- Born: December 12, 1978 (age 47) Dillingen an der Donau, Germany
- Education: University of Erlangen-Nuremberg, Research Institute for Symbolic Computation
- Awards: David P. Robbins Prize (AMS)
- Scientific career
- Fields: Mathematics Computer science
- Workplaces: RICAM (Austrian Academy of Sciences)
- Thesis: Advanced Applications of the Holonomic Systems Approach (2009)
- Doctoral advisor: Peter Paule

= Christoph Koutschan =

German mathematician and computer scientist

Christoph Koutschan is a German mathematician and computer scientist. He is currently with the Johann Radon Institute for Computational and Applied Mathematics (RICAM) of the Austrian Academy of Sciences.

== Education ==
Christoph Koutschan (born 12 December 1978 in Dillingen an der Donau, Germany) is a German mathematician and computer scientist.
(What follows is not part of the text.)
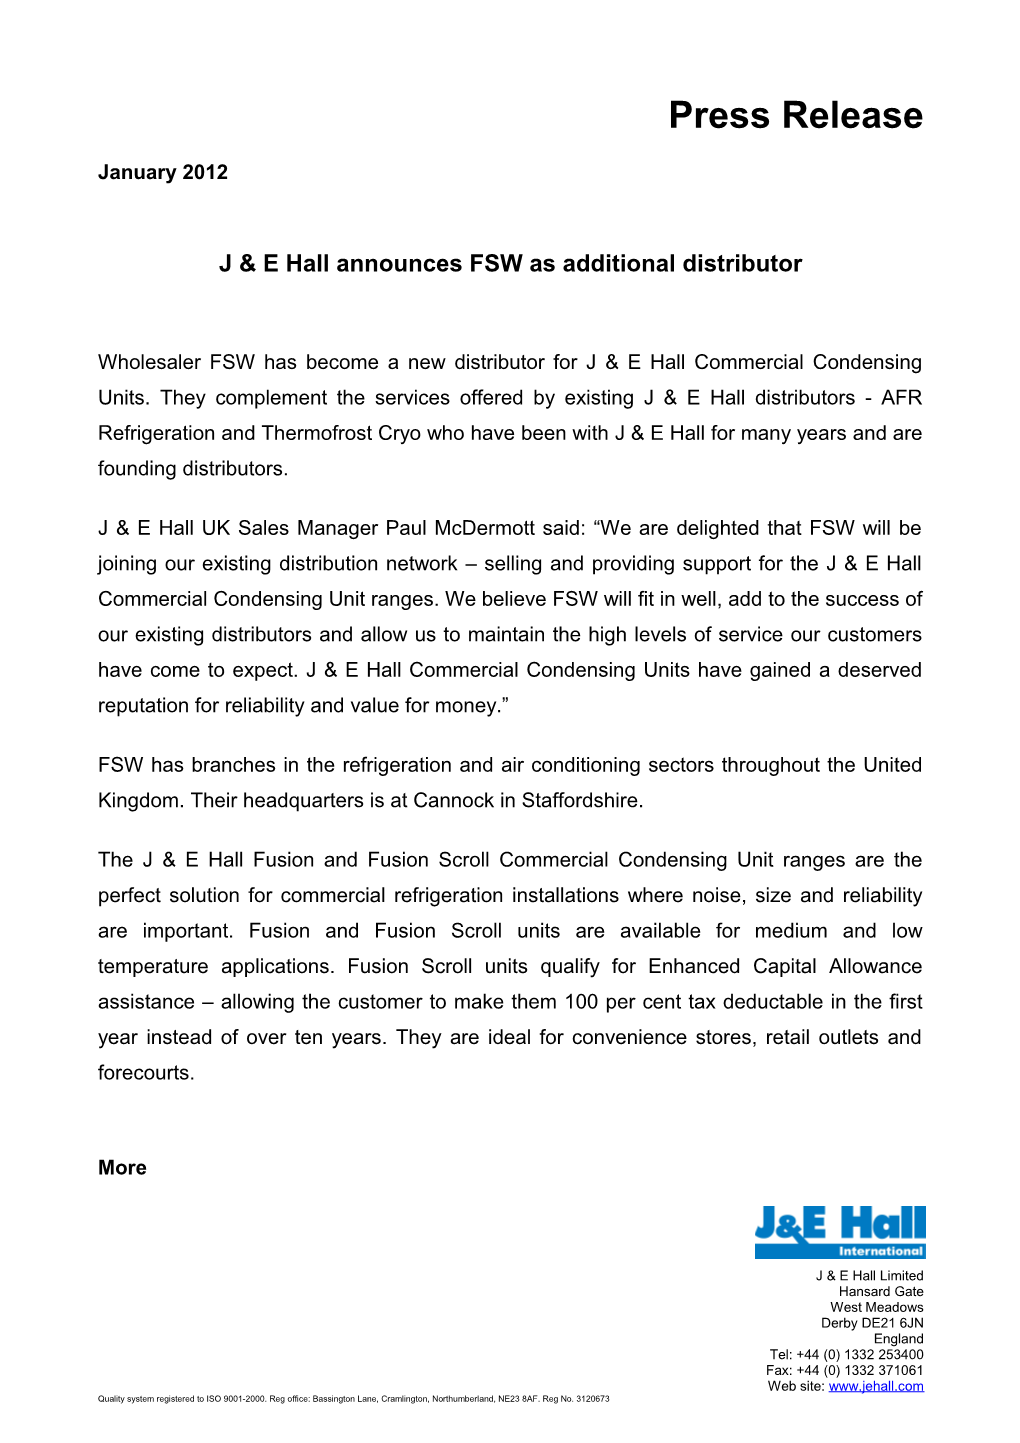 J & E Hall Announces FSW As Additional Distributor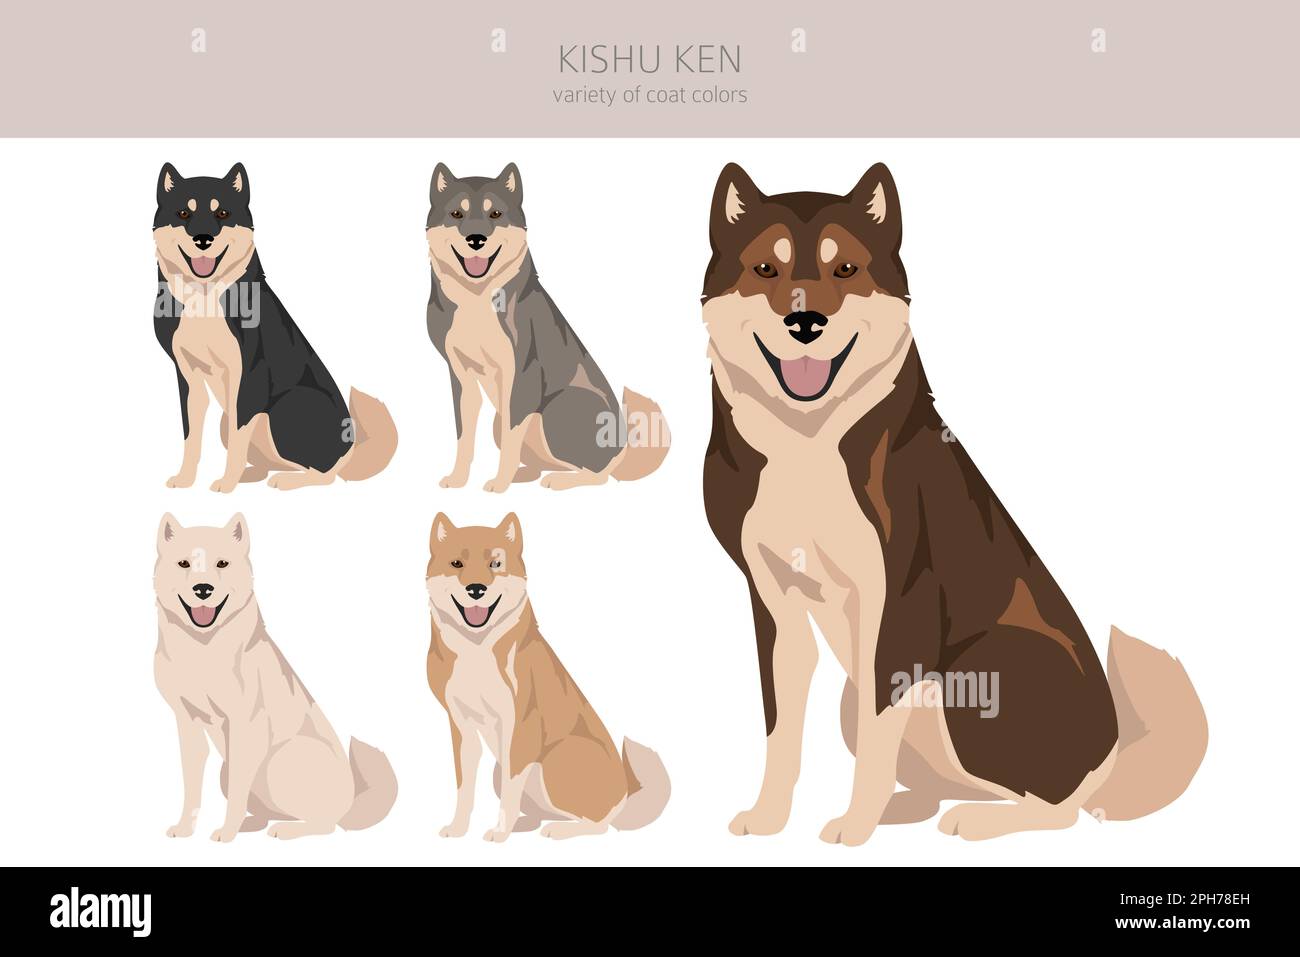 Kishu Ken clipart. Different poses, coat colors set.  Vector illustration Stock Vector

He studied computer science at the University of Erlangen-Nuremberg in Germany from 1999 to 2005 and then moved to the Research Institute for Symbolic Computation (RISC) in Linz, Austria, where he completed his PhD in symbolic computation in 2009 under the supervision of Peter Paule.

== Career ==
Koutschan is working on computer algebra, particularly on holonomic functions, with applications to combinatorics, special functions, knot theory, and physics.

Together with Doron Zeilberger and Manuel Kauers, Koutschan proved two famous open conjectures in combinatorics using large scale computer algebra calculations. Both proofs appeared in the Proceedings of the National Academy of Sciences. The first concerned a conjecture formulated by Ira Gessel on the number of certain lattice walks restricted to the quarter plane. The second conjecture proven by Koutschan, Kauers, and Zeilberger was the so-called q-TSPP conjecture, a product formula for the orbit generating function of totally symmetric plane partitions, which was formulated by George Andrews and David Robbins in the early 1980s.

He is currently with the Johann Radon Institute for Computational and Applied Mathematics (RICAM) of the Austrian Academy of Sciences.

== Awards ==
In 2016, with Manuel Kauers and Doron Zeilberger he received the David P. Robbins Prize of the American Mathematical Society.

==Personal life==
Koutschan is married and has two children.